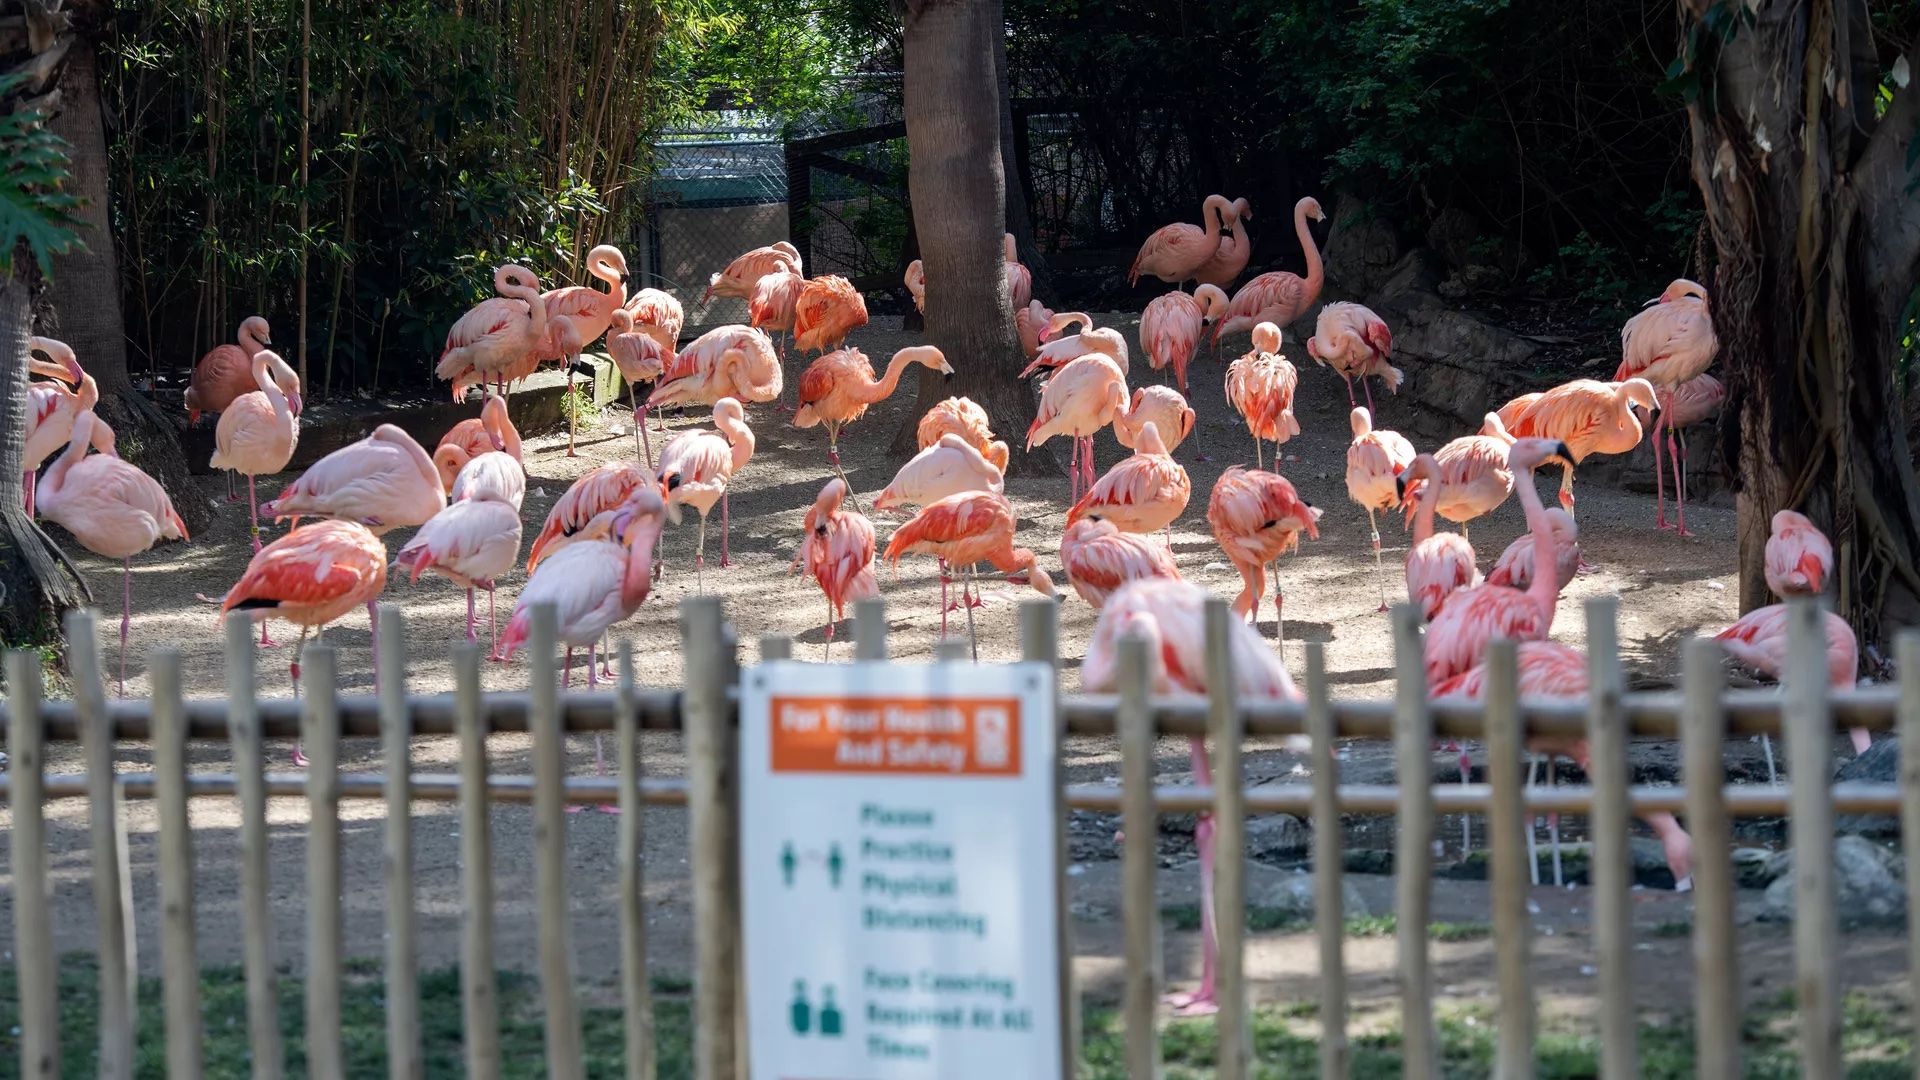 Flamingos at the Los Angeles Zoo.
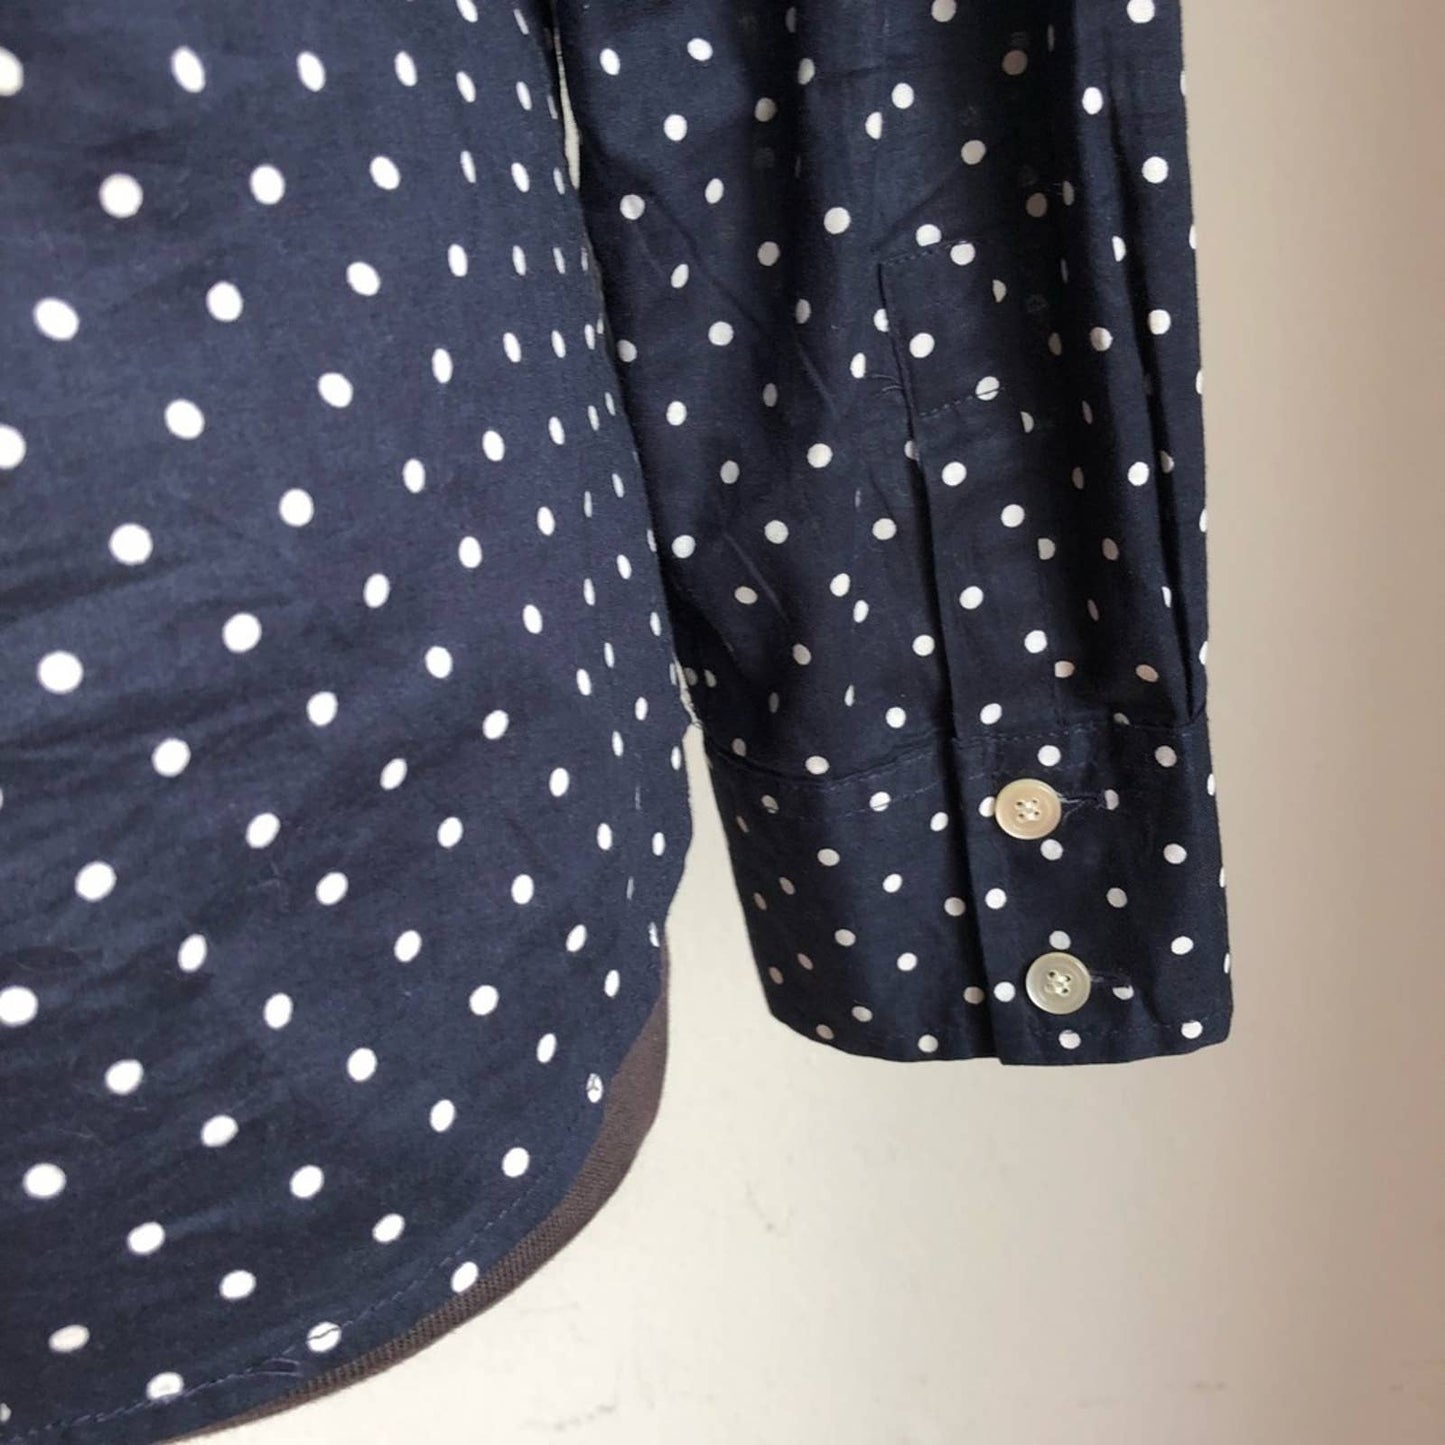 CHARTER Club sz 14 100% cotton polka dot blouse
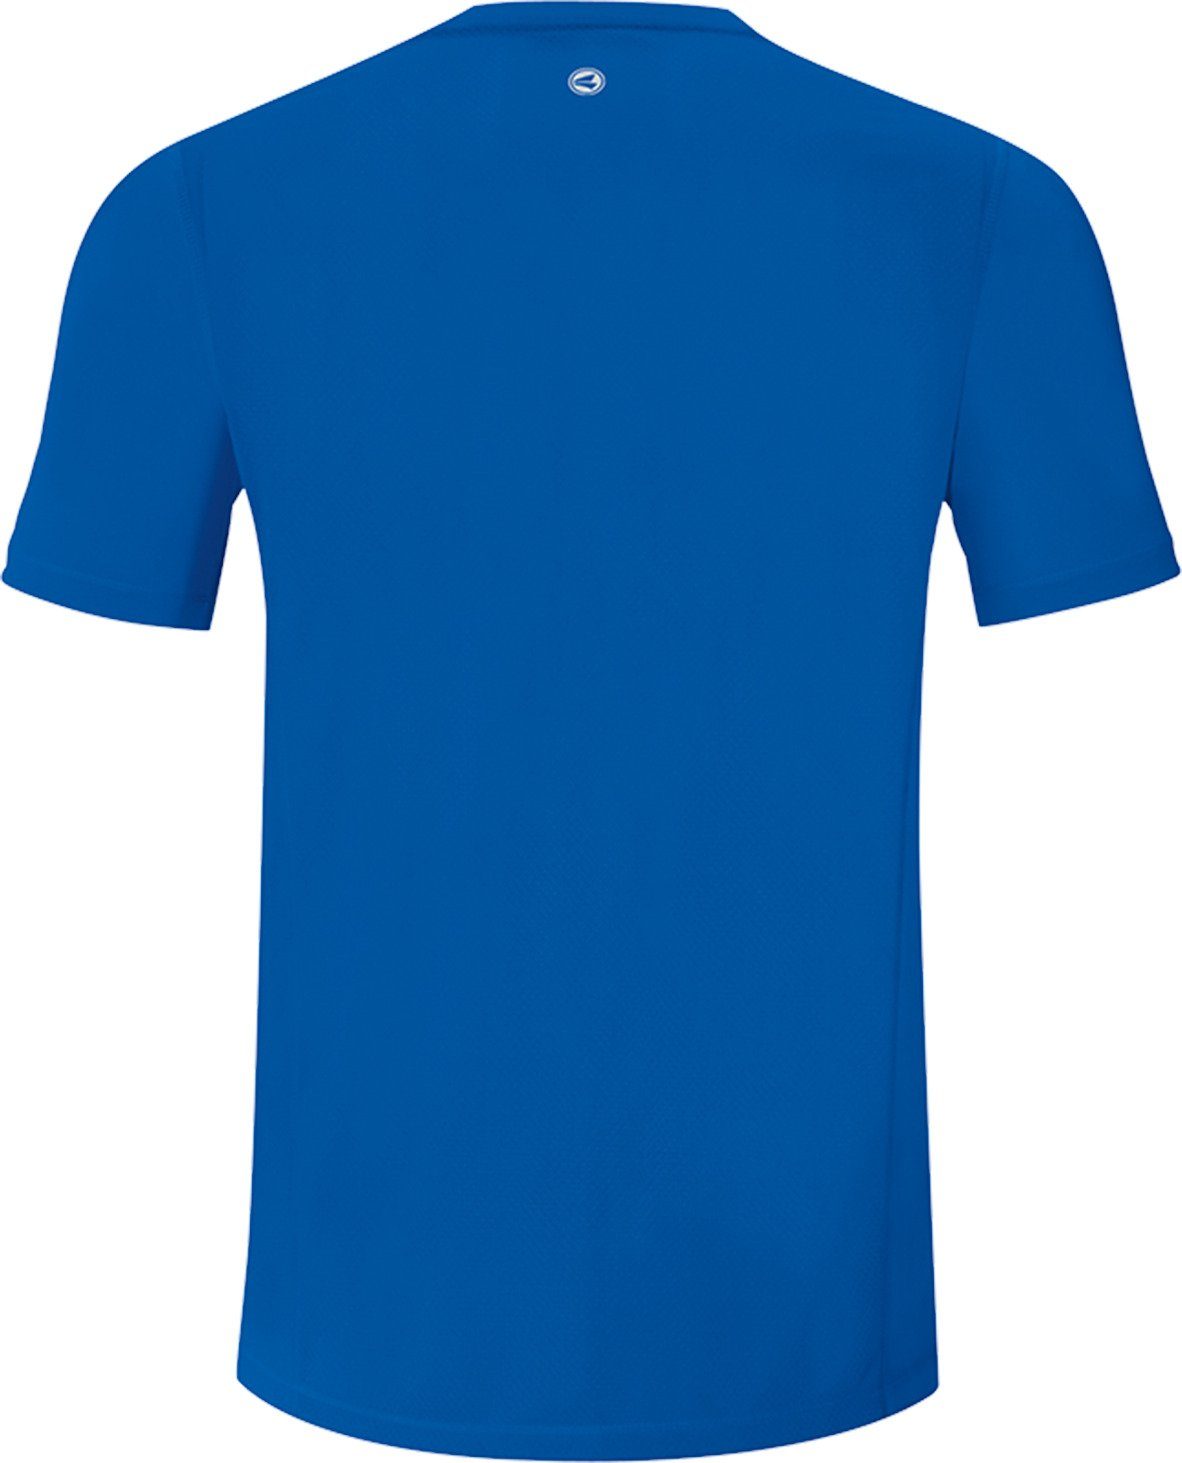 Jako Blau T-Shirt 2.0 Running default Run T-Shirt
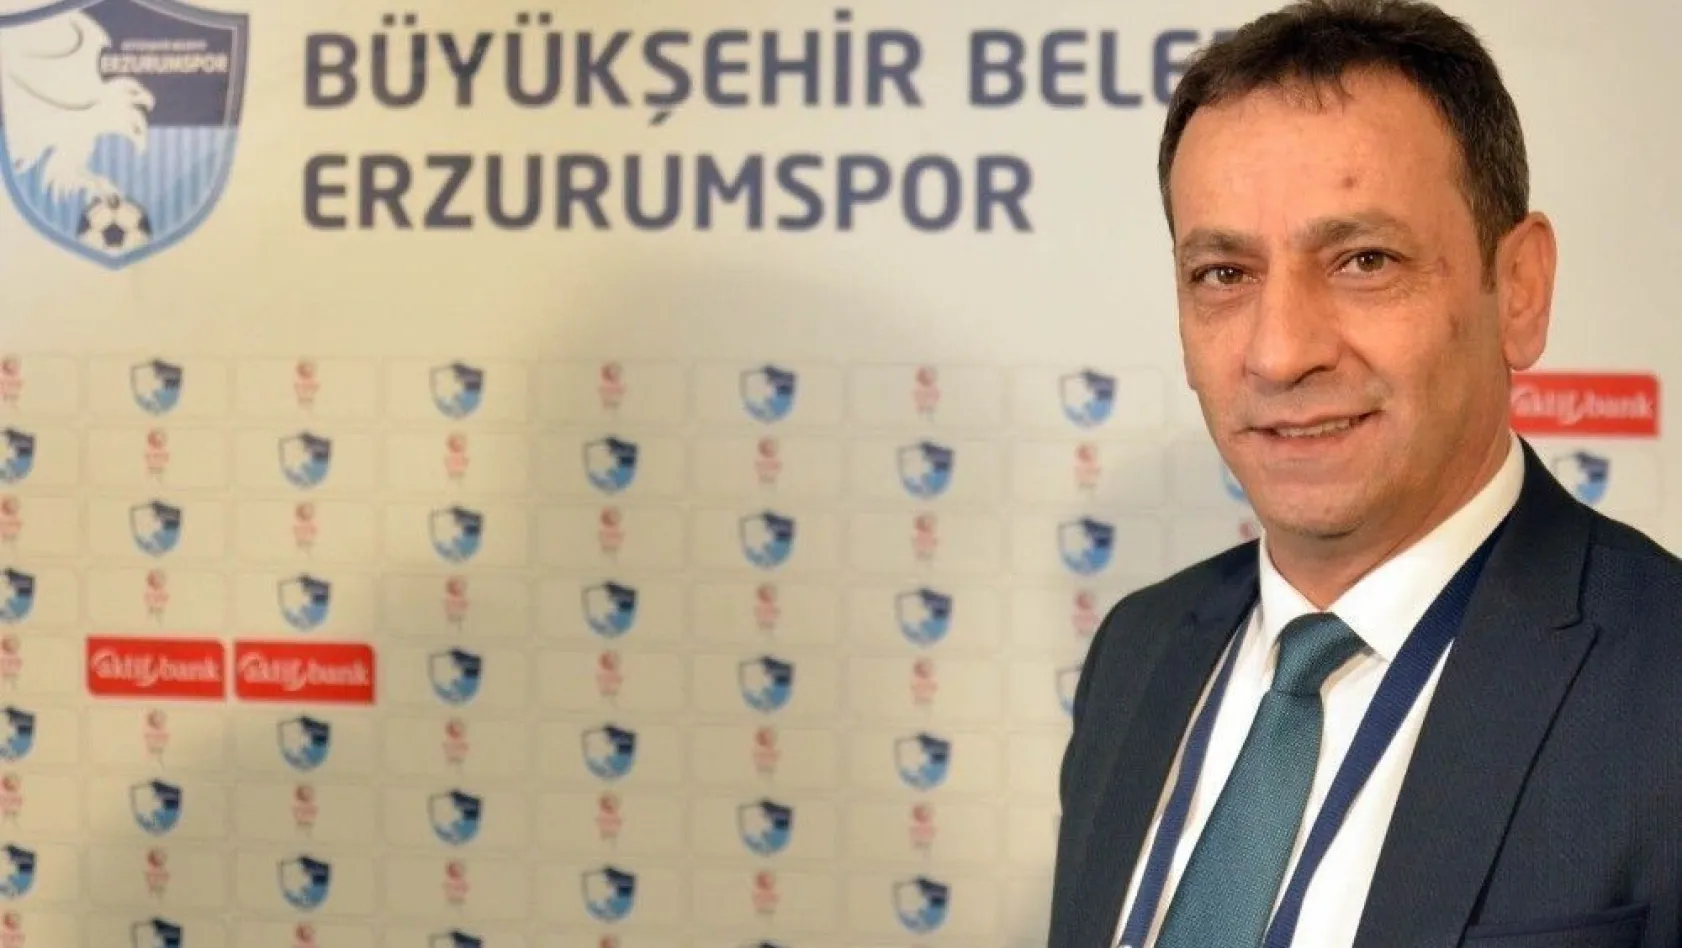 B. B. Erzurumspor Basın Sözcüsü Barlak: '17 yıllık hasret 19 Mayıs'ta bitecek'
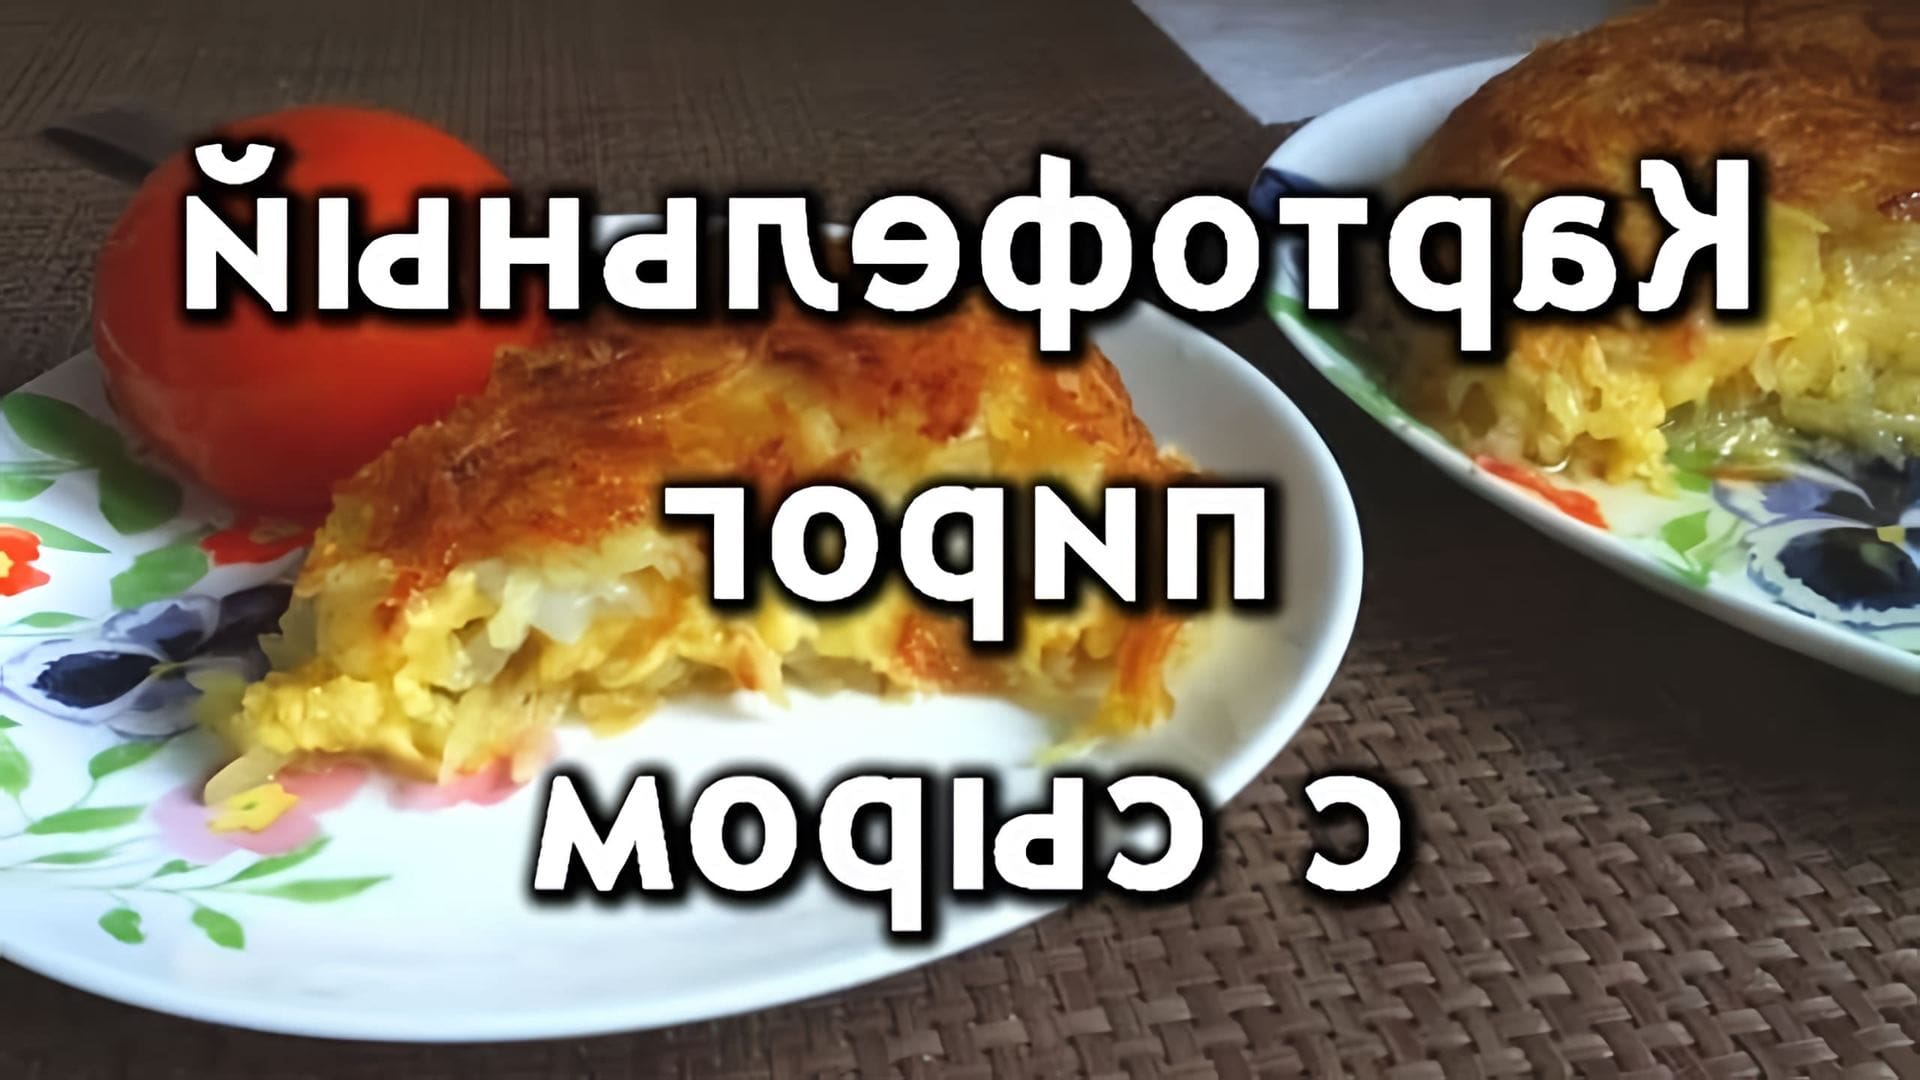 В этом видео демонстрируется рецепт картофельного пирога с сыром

^^^^

Where a record above holds a picture, drop the picture and print the rest exactly.

 Flamingos at the Los Angeles Zoo.
 CHARTER Club sz 14 100% cotton polka dot blouse
 Jako Blau T-Shirt 2.0 Running default Run T-Shirt
 B. B. Erzurumspor Basın Sözcüsü Barlak: '17 yıllık hasret 19 Mayıs'ta bitecek'
 В этом видео демонстрируется рецепт картофельного пирога с сыром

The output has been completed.